2 Wearable action recognition dataset

In this article, we used a publicly available dataset called WARD http://www.eecs.berkeley.edu/~yang/software/WAR/ for human activity recognition, which was introduced by Yang et al. [19]. To construct this dataset, 20 volunteers, i.e., 7 females and 13 males with a wide age range (from 15 to 75 years old), were enrolled to collect 13 activities. All the involved 13 kinds of activities are listed in Table 1.
Table 1

Description of activities performed by each subject

Activities performed

Description

Rest at standing (ST)

The subject stands still for more than 10 s

Rest at sitting (SI)

The subject sits still for more than 10 s

Rest at lying (LY)

The subject lies still for more than 10 s

Walk forward (WF)

The subject walks straight forward for more than 10 s

Walk left-circle (WL)

The subject walks counterclockwise for more than10 s

Walk right-circle (WR)

The subject walks clockwise for more than 10 s

Turn left (TL)

The subject stays at the same position and turn left for more than 10 s

Turn right (TR)

The subject stays at the same position and turn right for more than 10 s

Go upstairs (Up)

The subject goes up a flight of stairs

Go downstairs (Down)

The subject goes down a flight of stairs

Jog (Jog)

The subject jog straight forward for more than 10 s

Jump (Jump)

The subject stays at the same position and jump for more than 5 times

Push wheelchair (Push)

The subject pushes a wheelchair/walker for more than 10 s

The data were recorded by five custom-built sensor boards, which were attached to different body parts: two on the wrists, one on the waist, and two on the ankles. Each sensor board has been equipped with two sensors: a tri-axial accelerometer with the range of ± 2 g (m/s2) and a bio-axial gyroscope with the range of ± 500°/s. Since the output data format of each accelerometer and gyroscope would have 3 and 2 dimensions, respectively, the activity signal are totally given in 25 dimensions.

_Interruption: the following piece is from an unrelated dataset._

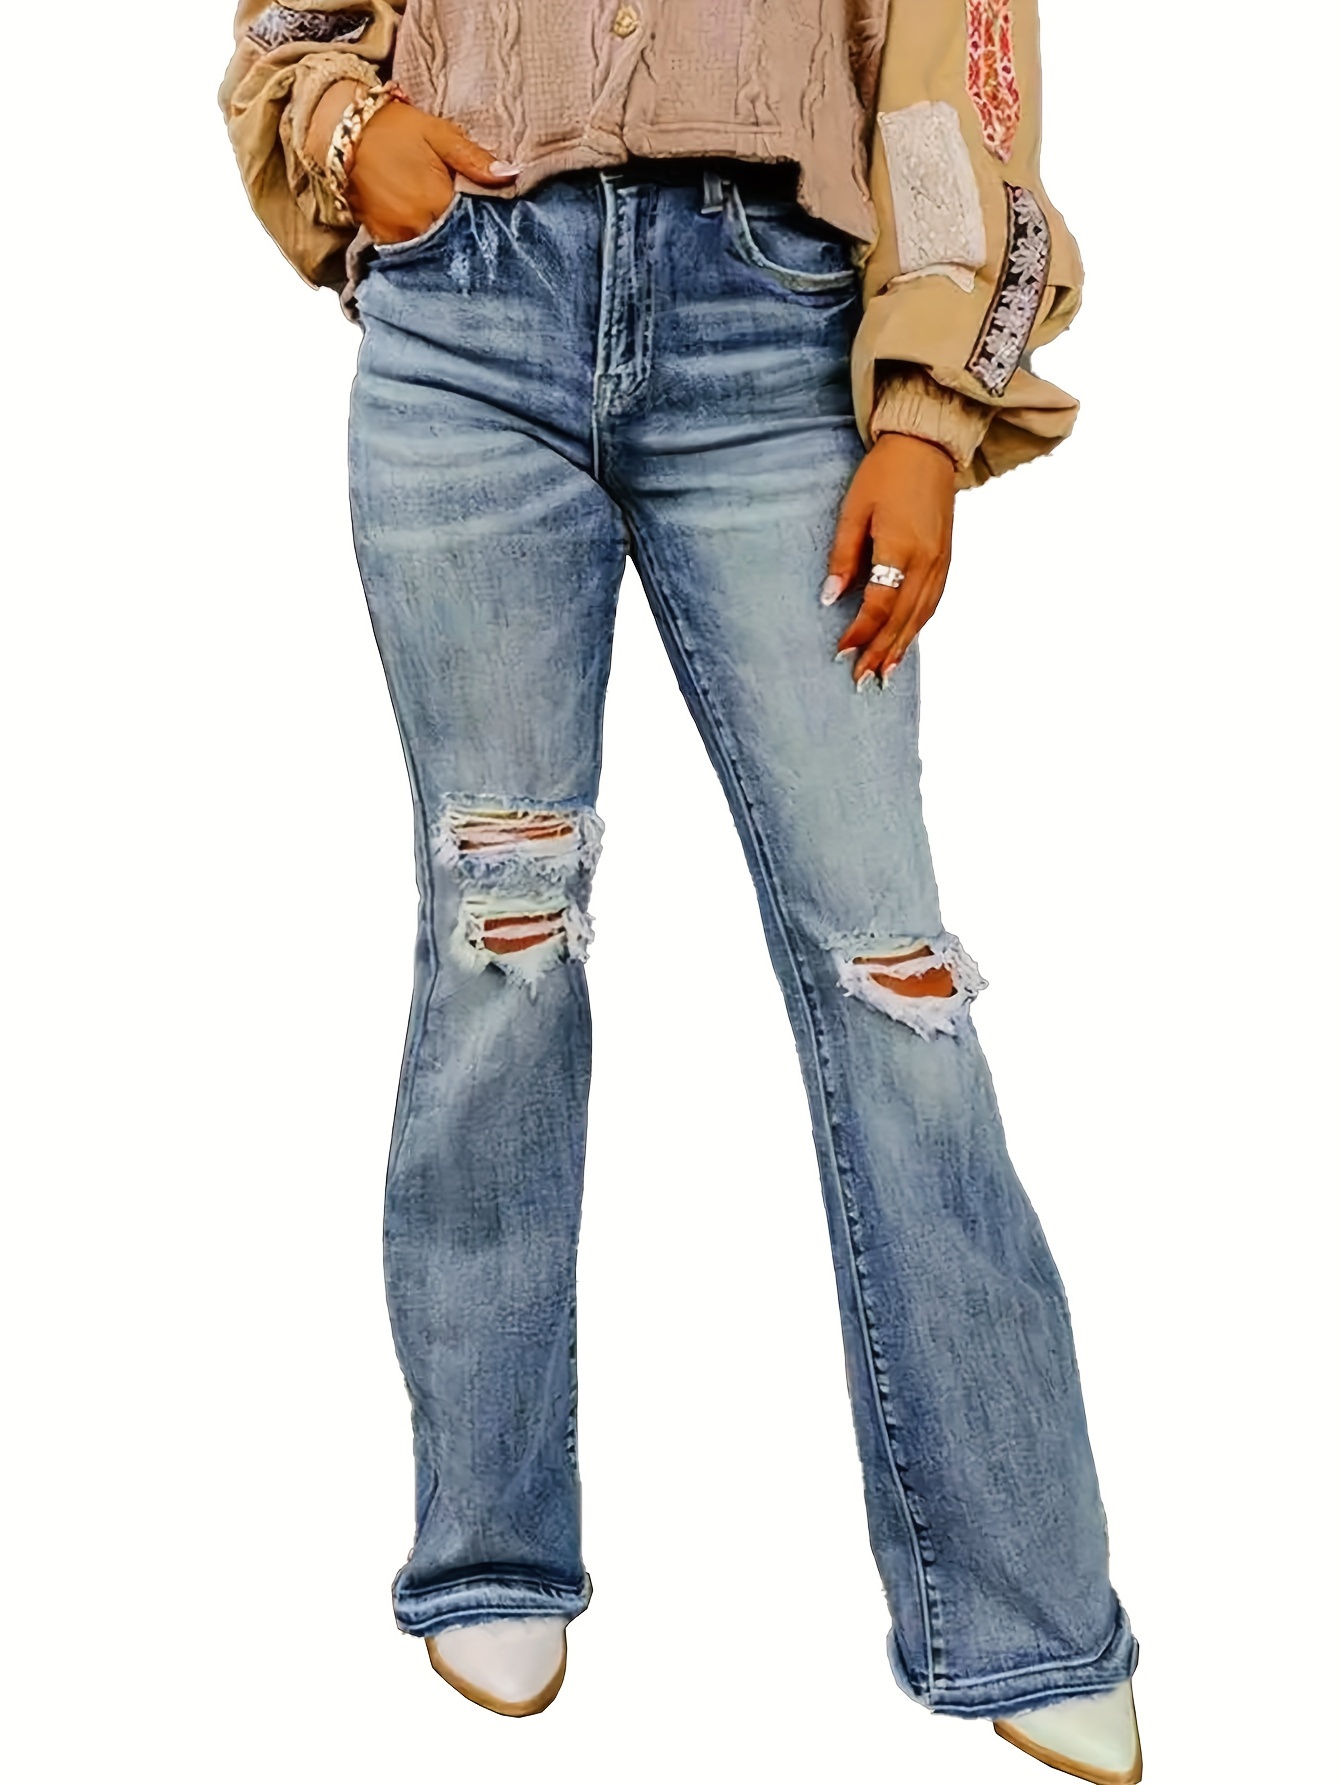 Vintage Flare Leg Ripped Jeans, Distressed High Rise Whiskering

Figure 1 provides instances of measured signal with three different activities related to the same subject. Subfigures in the first row show the three-dimensional data recorded by the accelerometer, while subfigures in the second row show the two-dimensional data recorded by the gyroscope located at the waist. As we expected, there are much differences in the magnitude and period of the measured signal among different activities.
Figure 1

A set of activity signal recorded by the accelerometer and the gyroscope located at the waist.

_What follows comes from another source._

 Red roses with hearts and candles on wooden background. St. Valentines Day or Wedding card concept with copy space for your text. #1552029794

3 Feature extraction and reduction

In this section, we first describe the data preprocessing procedure, and then present the feature extraction and data normalization process. Finally, the GDA is introduced for feature reduction.

3.1 Data preprocessing

In general, it is unnecessary to analyze the entire recorded data for activity recognition. Therefore, we divided every raw sample data into small windows before feature extraction. In order to sufficiently capture the information of human activity and be convenient for the FFT-based computation of the frequency-domain features, the window length is set to be 2 n . Four different window lengths, 32 samples, 64 samples, 128 samples, and 256 samples, were investigated, and the best recognition performance can be achieved with the window length of 256 samples. It can be explained as follows. At a sampling rate of 30 Hz, the time duration related to the four different window lengths would approximately be 1, 2, 4, and 8.5 s, respectively. Bouten et al. [20] had pointed out that the frequency of human daily activity mainly ranged from 1 to 18 Hz; therefore, the time duration of 8.5 s would cover at least several cycles of human activities and accordingly the activity recognition performance would be more reliable, i.e., shorter time duration would cover less activity cycles, thus the recognition performance would gain lower credibility. In this study, the window lengths larger than 256 samples were not taken into consideration. There are two reasons behind it: (1) for some activities, the number of samples contained in the raw sample data is less than 512. For example, the raw sample data as to the "Jog" activity of the test subject 5 only contains 397 samples. (2) As shown below in Table 2, with the window length of 256 a recognition rate as high as 99.2% can be achieved by our method. Increasing the window length may slightly improve the recognition rate, but will result in a longer delay.
Table 2

Recognition results with different feature reduction techniques

Methods

Yang et al. [19]

Huynh[24]

Our approach

Accuracy (%)

93.46

96.97

99.20

As a result, we set the length parameter of the window to be 256 samples in the following experiments. Then, the full data size in a truncated window would be 256 × 25, where 25 equals the dimensions of activity signal, i.e., each sensor node can provide five-dimensional activity signal, and there are in total five sensor nodes, and there are 128 × 25 data overlapping between consecutive windows.

3.2 Feature extraction

The features derived from time domain and transform domain are both used for activity recognition in most previous studies [9, 21]. In this study, we simply choose the features most frequently adopted by previous researchers, rather than deliberately select them. Specifically, the selected time domain features include the mean value, variance, skewness, and kurtosis, which can be expressed as follows:
μ i = E s i = 1 N n = 1 N s i , n
(1)
σ i 2 = E s i - μ i 2 = 1 N n = 1 N s i , n - μ i 2
(2)
sk e i = E s i - μ i 3 σ i 3 = 1 N σ i 3 n = 1 N s i , n - μ i 3
(3)
ku r i = E s i - μ i 4 σ i 4 = 1 N σ i 4 n = 1 N s i , n - μ i 4
(4)
where N = 256, s i, n represents the n th data value in the i th dimension associated with some window. While the selected transform domain features include the magnitudes of the maximum five peaks of the resultant fast Fourier transform (FFT), as well as the magnitudes of the maximum five peaks of the resultant cepstrum coefficients, which can be calculated as follows:
X i ( k ) = n = 1 N s i , n e - j 2 π k n N , k = 1 , 2 , , N
(5)
C i ( n ) = 1 2 π - π π log X i ( e j ω ) e j ω n d ω
(6)

The six types of feature presented above can be employed for activity recognition.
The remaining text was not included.